Victoria Taft has a good summary of the media backlash against President Trump’s hopeful statements about HCQ. Not only was the FDA’s authority over the use of HCQ misrepresented, there was also a good bit of smearing of various researchers who’d found preliminary evidence of HCQ’s effectiveness. Let’s be honest: the quality of medical research is often inflated by the research establishment. And the media eat up any study with findings that are noteworthy in any way. Over the years, a great deal of medical research has been based on small samples from which statistical hypothesis tests are shaky at best.
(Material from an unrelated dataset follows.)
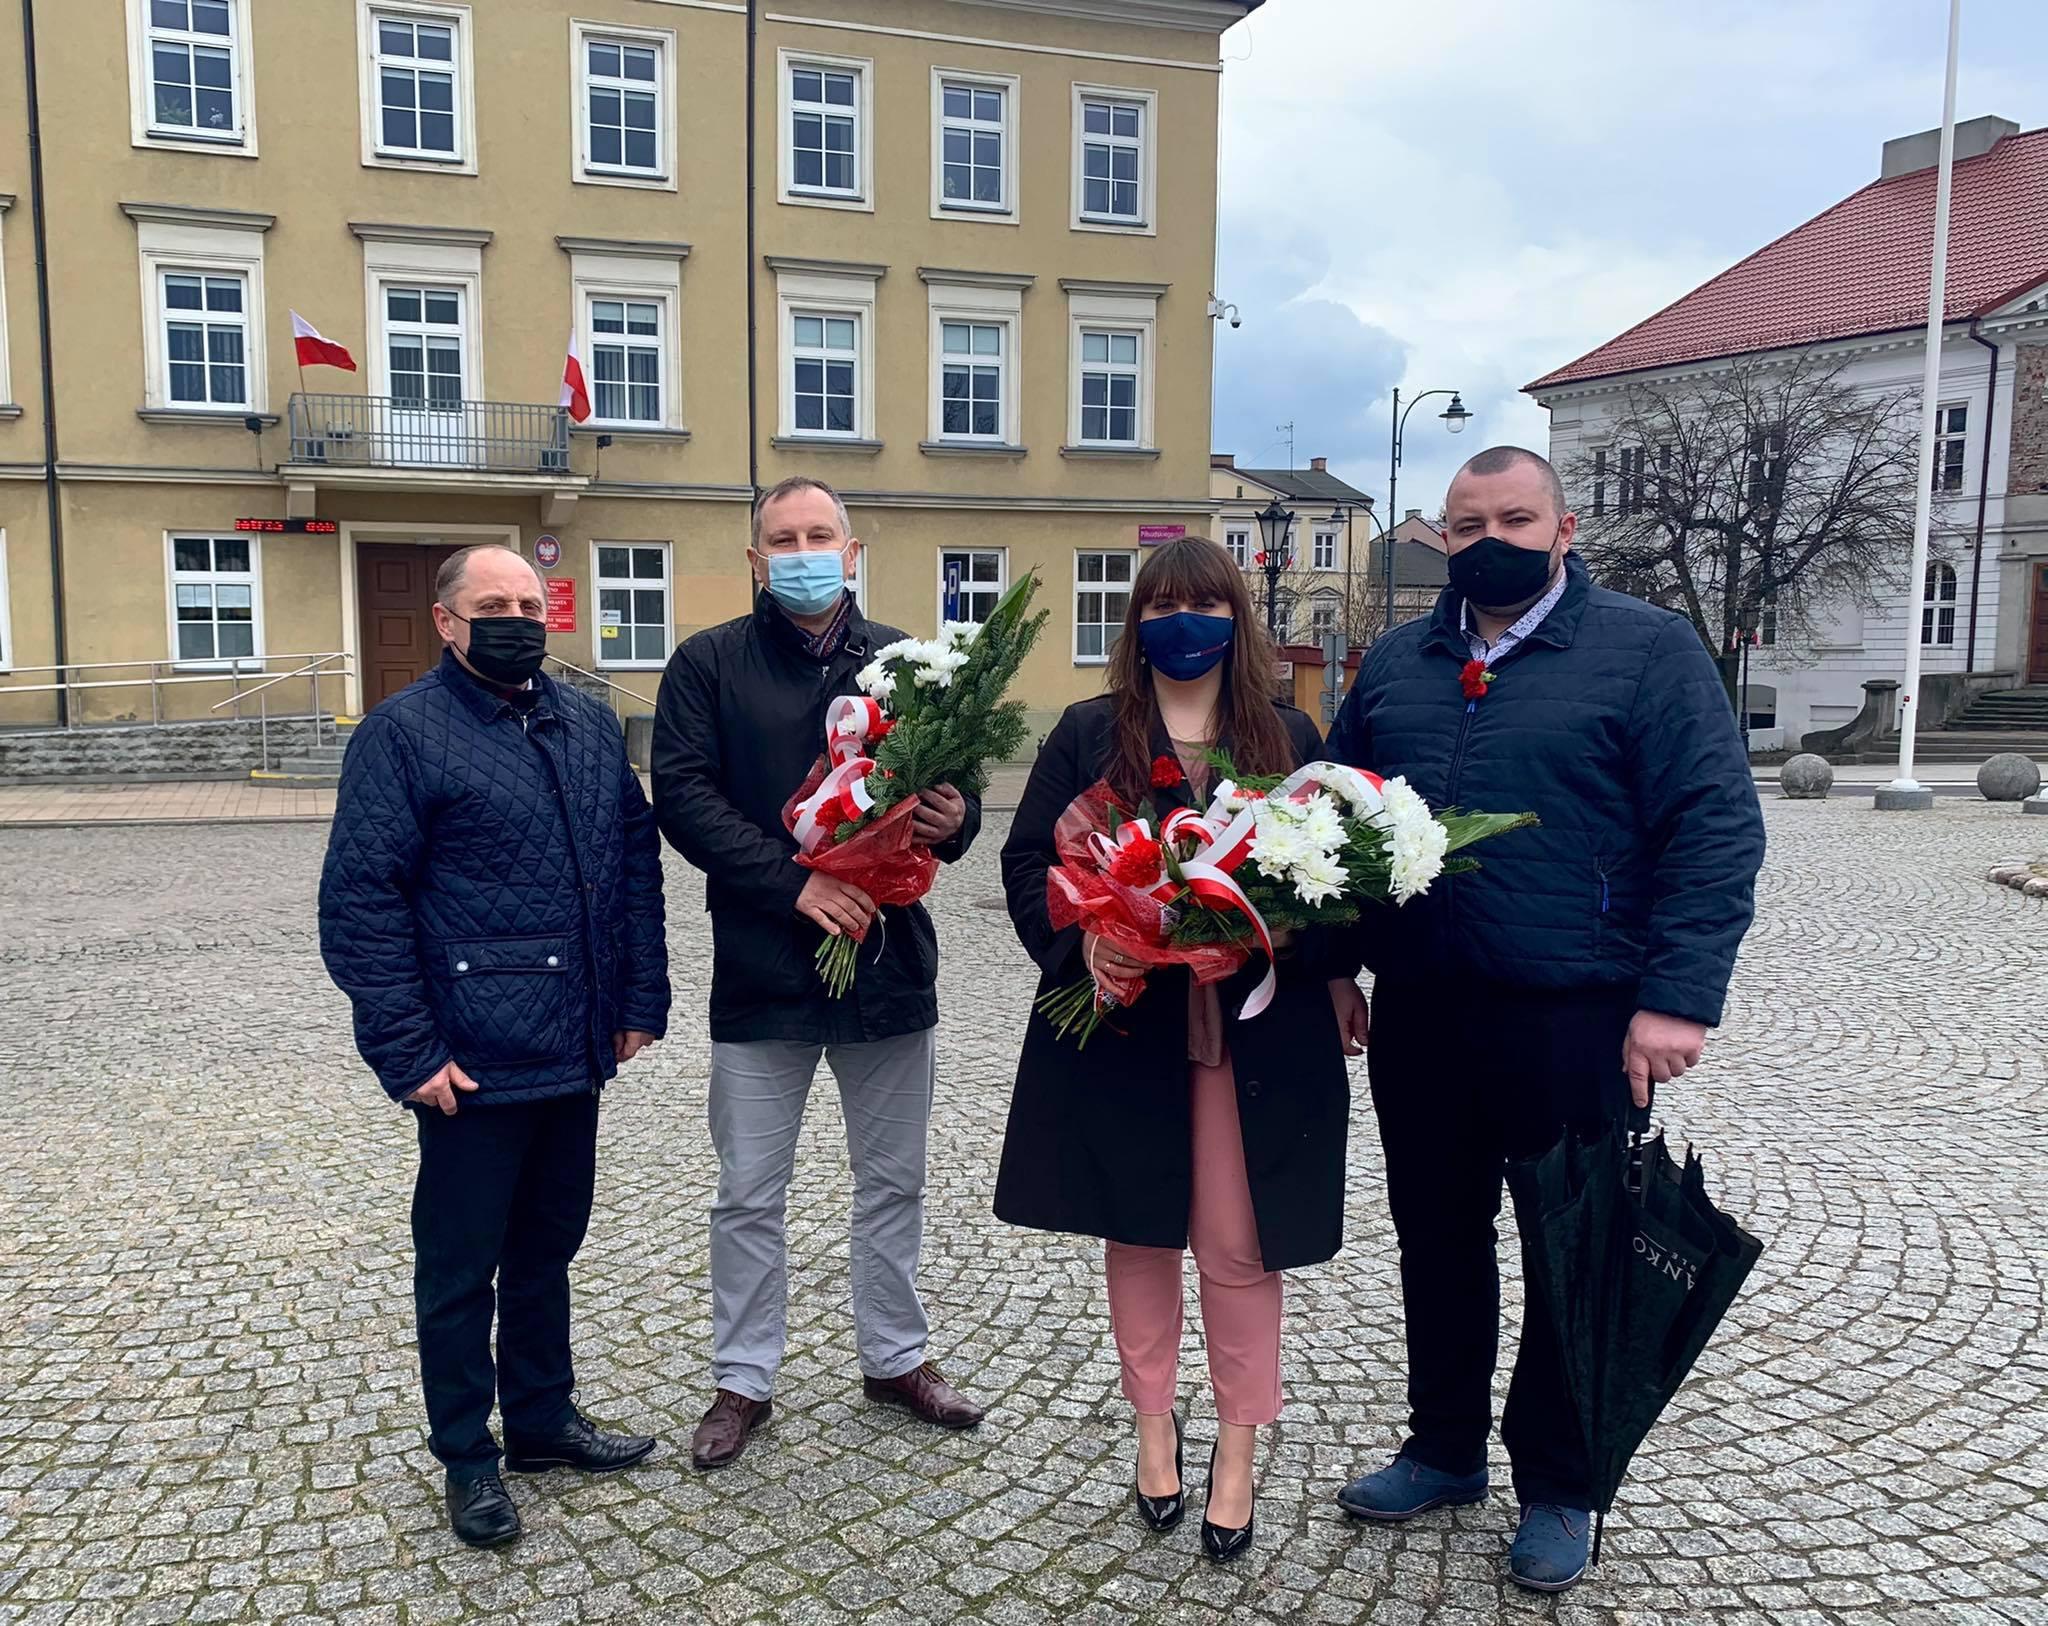 Koalicja Obywatelska rozdawała flagi i składała kwiaty w Kutnie [ZDJĘCIA] - Zdjęcie główne
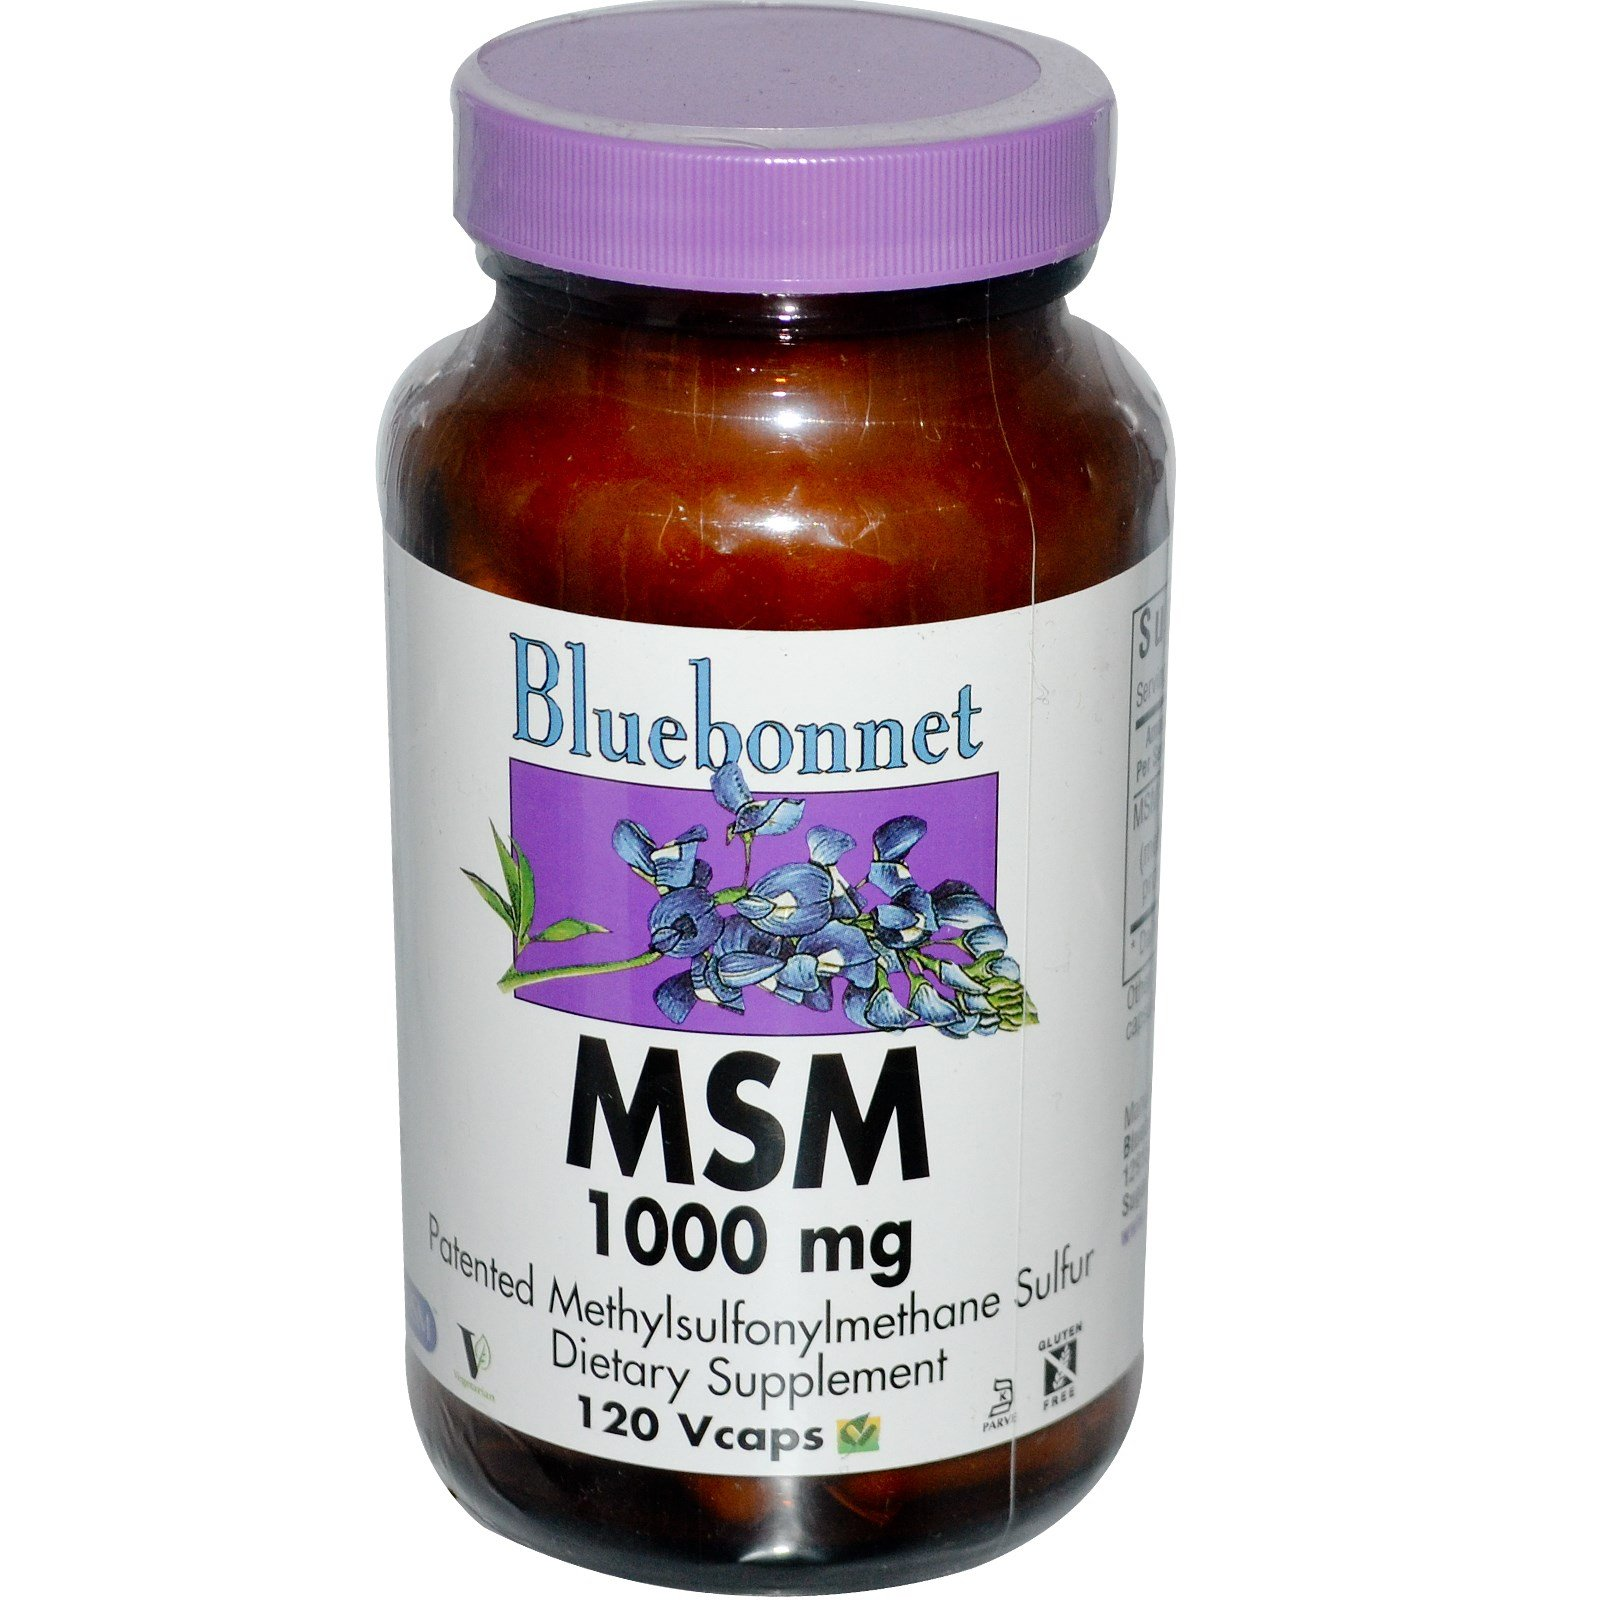 Bluebonnet Nutrition, MSM, 1000 mg, 120 Vcaps - 3PC

That’s one reason for the legendary replication problem in medical research. In the case of HCQ, there has been widespread misuse of the term “anecdotal” in the media, prompted by experts like Dr. Anthony Fauci, who should know better. The term was used to describe clinical tests on moderately large groups of patients, at least one of which was a randomized control trial.

Every day we hear stories from individual patients that they were saved by HCQ. These are properly called anecdotal accounts. But we also hear from various physicians around the country and world who claim to be astonished at HCQ’s therapeutic efficacy on groups of patients. This link gives another strong indication of how physicians feel about HCQ at this point. These are not from RCTs, but they constitute clinical evidence, not mere “anecdotes”.

By virtue of state and federal right-to-try laws, terminally ill patients can choose to take medications that are unapproved by regulators. Beyond that, FDA approval of HCQ specifically for treating coronavirus was unnecessary because the drug was already legal to prescribe to cover patients as an “off-label” use. That’s true of all drugs approved by the FDA: they can be prescribed legally for off-label uses. When regulators like Dr. Fauci, and even practicing physicians like Dr. Jeffrey Singer (linked below) claim that the FDA hasn’t approved HCQ specifically for treating Covid, it is a technicality: the FDA can certainly “approve” it for that specific use, but it’s already legal to prescribe!

While it won’t end the silly argument, which is obviously grounded in other motives, Dr. Singer brings us to the only reasonable position: treatment of Covid with HCQ is between the patient and their doctor.